Third, the ALJ must determine whether the claimant has an impairment which meets or equals one of the impairments listed in the Regulations. 20 C.F.R. § 404.1520(d). If the claimant has one of, or the medical equivalent of, these impairments, then the claimant is per se disabled without consideration of the claimant's age, education, or work history. Id.
Fourth, the impairment must prevent the claimant from doing past relevant work. 20 C.F.R. § 404.1520(f). The burden rests with the claimant at this fourth step to establish his or her RFC. Steed v. Astrue, 524 F.3d 872, 874 n.3 (8th Cir. 2008) (“Through step four of this analysis, the claimant has the burden of showing that she is disabled.”). The ALJ will review a claimant's RFC and the physical and mental demands of the work the claimant has done in the past. 20 C.F.R. § 404.1520(f).

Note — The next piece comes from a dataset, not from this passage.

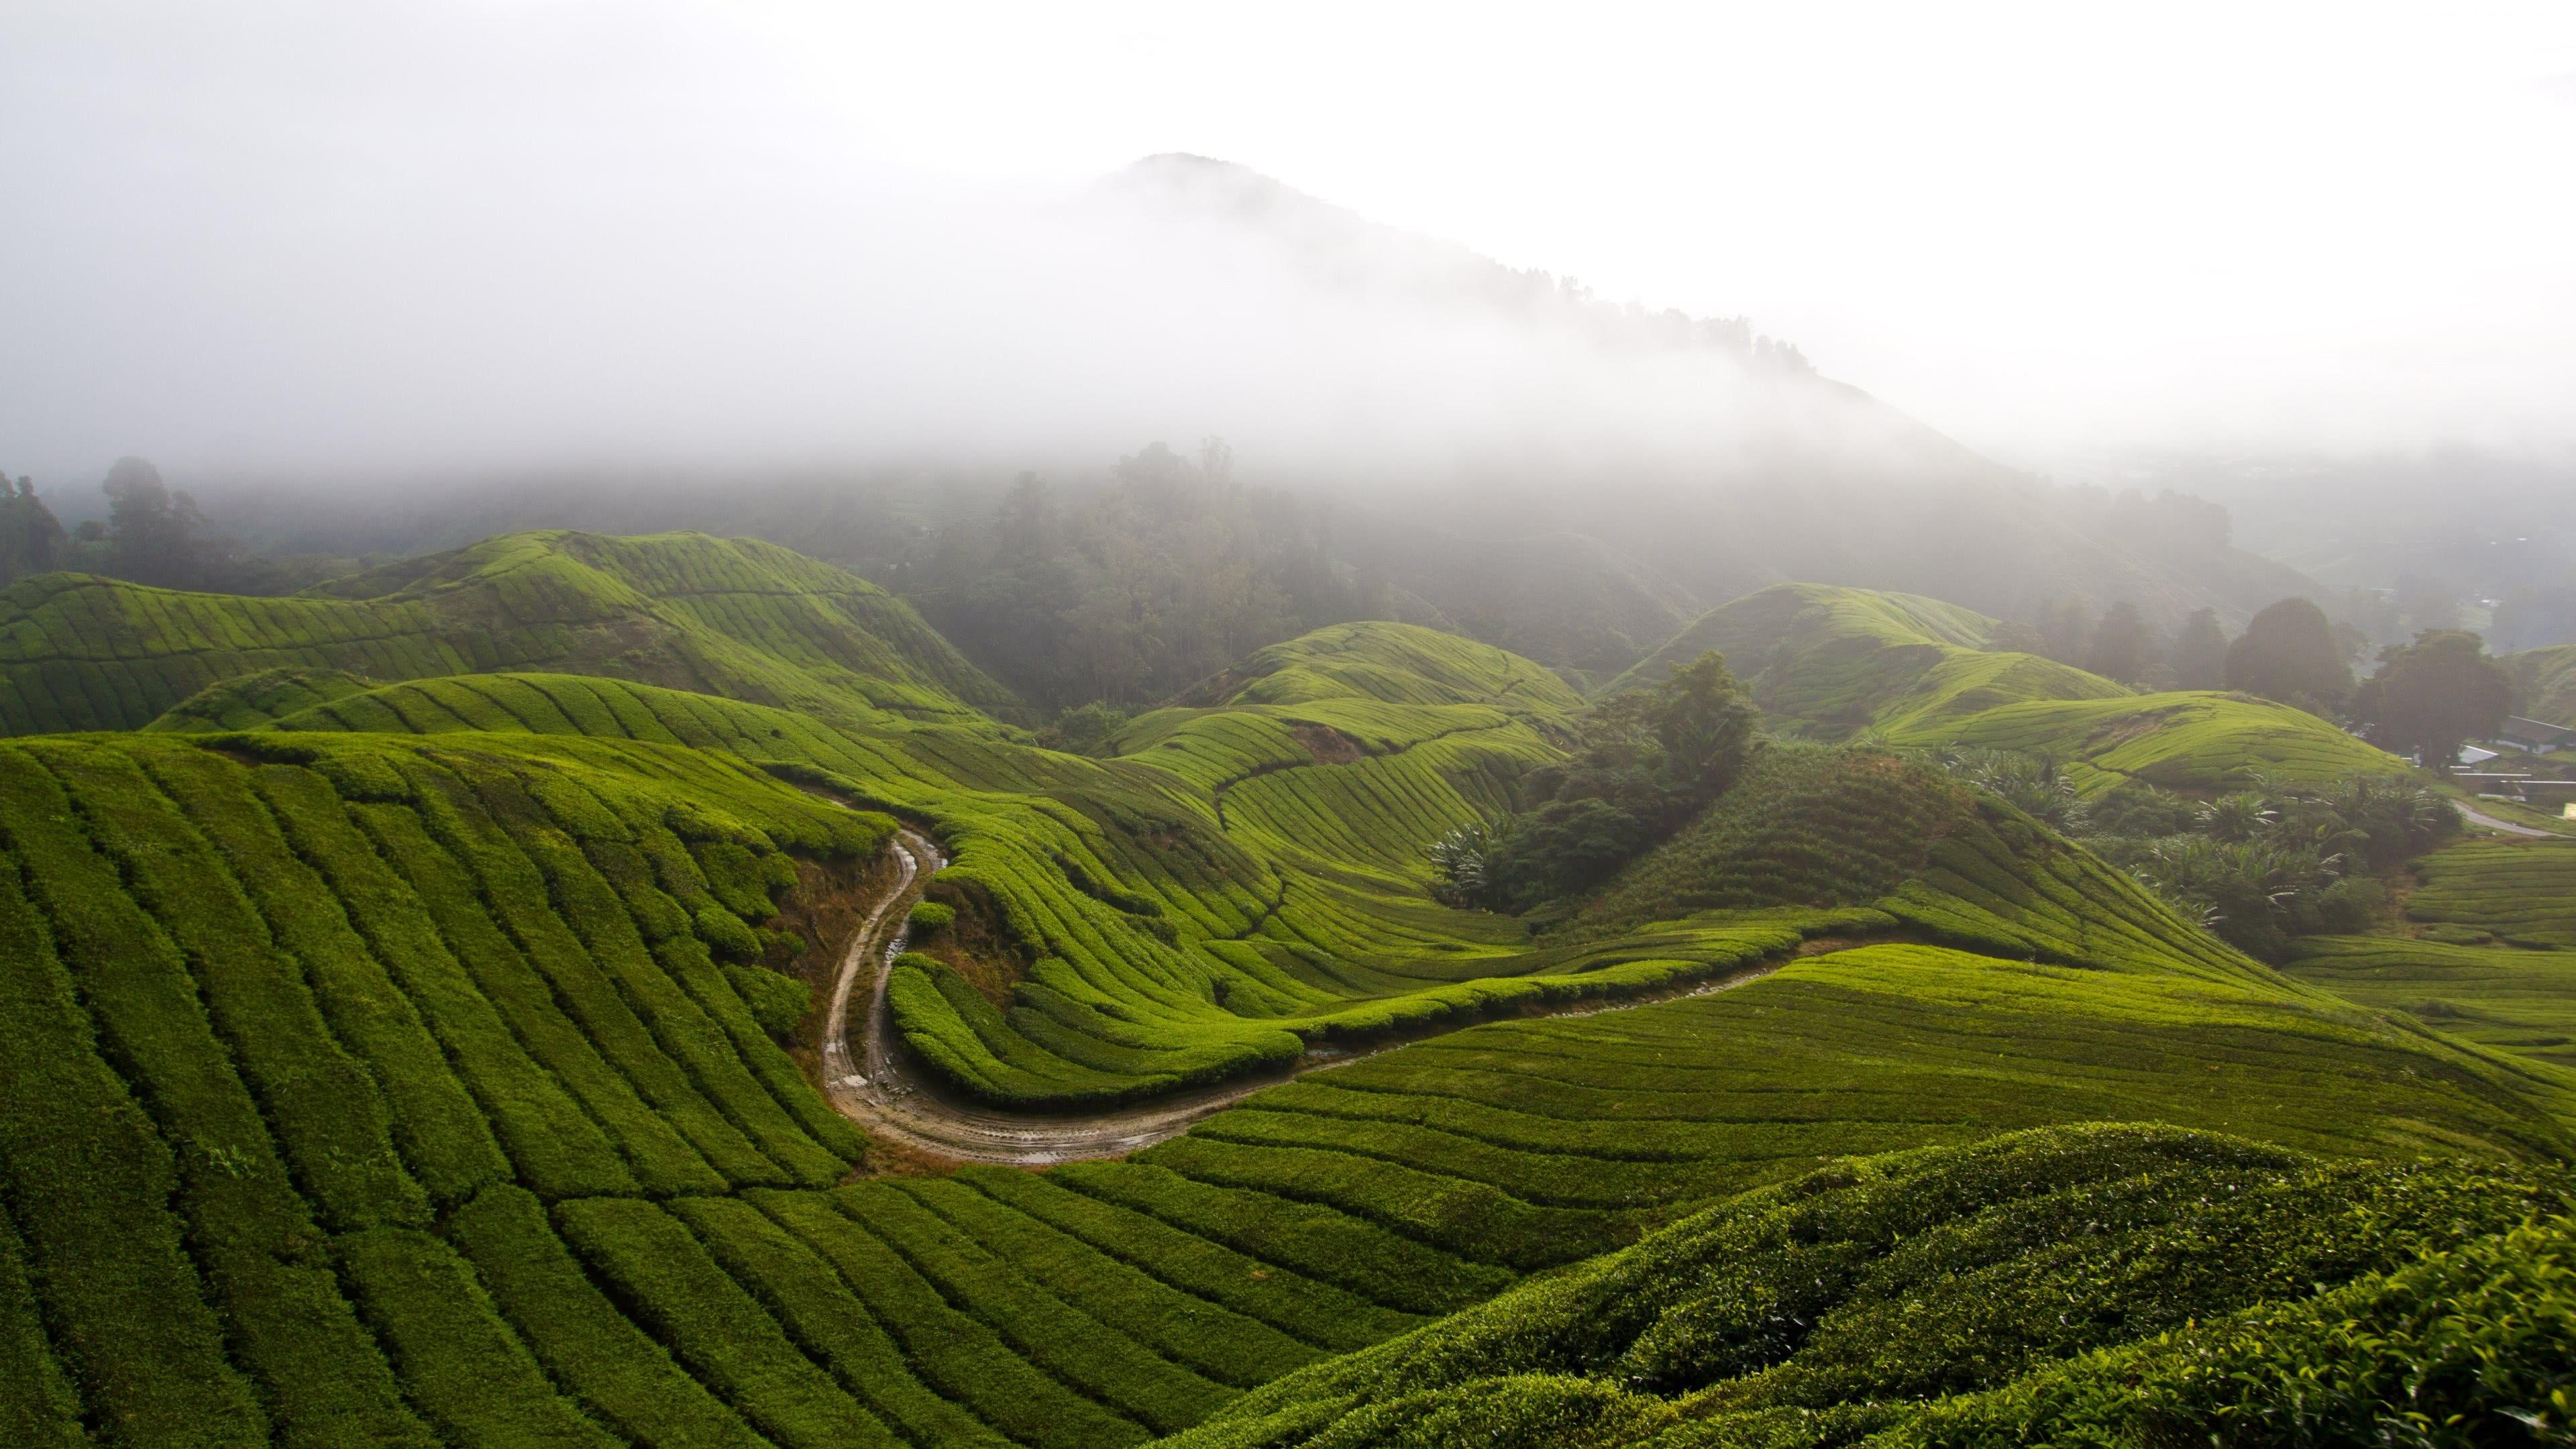 cameron highlands malaysia 4k wallpaper

Fifth, the severe impairment must prevent the claimant from doing any other work. 20 C.F.R. § 404.1520(g). At this fifth step of the sequential analysis, the Commissioner has the burden of production to show evidence of other jobs in the national economy that can be performed by a person with the claimant's RFC. Steed, 524 F.3d at 874 n.3. If the claimant meets these standards, the ALJ will find the claimant to be disabled. “The ultimate burden of persuasion to prove disability, however, remains with the claimant.” Young v. Apfel, 221 F.3d 1065, 1069 n.5 (8th Cir. 2000). See also Harris v. Barnhart, 356 F.3d 926, 931 n.2 (8th Cir. 2004) (citing 68 Fed. Reg. 51153, 51155 (Aug. 26, 2003)); Stormo v. Barnhart, 377 F.3d 801, 806 (8th Cir. 2004) (“The burden of persuasion to prove disability and to demonstrate RFC remains on the claimant, even when the burden of production shifts to the Commissioner at step five.”). Even if a court finds that there is a preponderance of the evidence against the ALJ's decision, the decision must be affirmed if it is supported by substantial evidence. Clark v. Heckler, 733 F.2d 65, 68 (8th Cir. 1984). “Substantial evidence is less than a preponderance but is enough that a reasonable mind would find it adequate to support the Commissioner's conclusion.” Krogmeier v. Barnhart, 294 F.3d 1019, 1022 (8th Cir. 2002). See also Cox v. Astrue, 495 F.3d 614, 617 (8th Cir. 2007).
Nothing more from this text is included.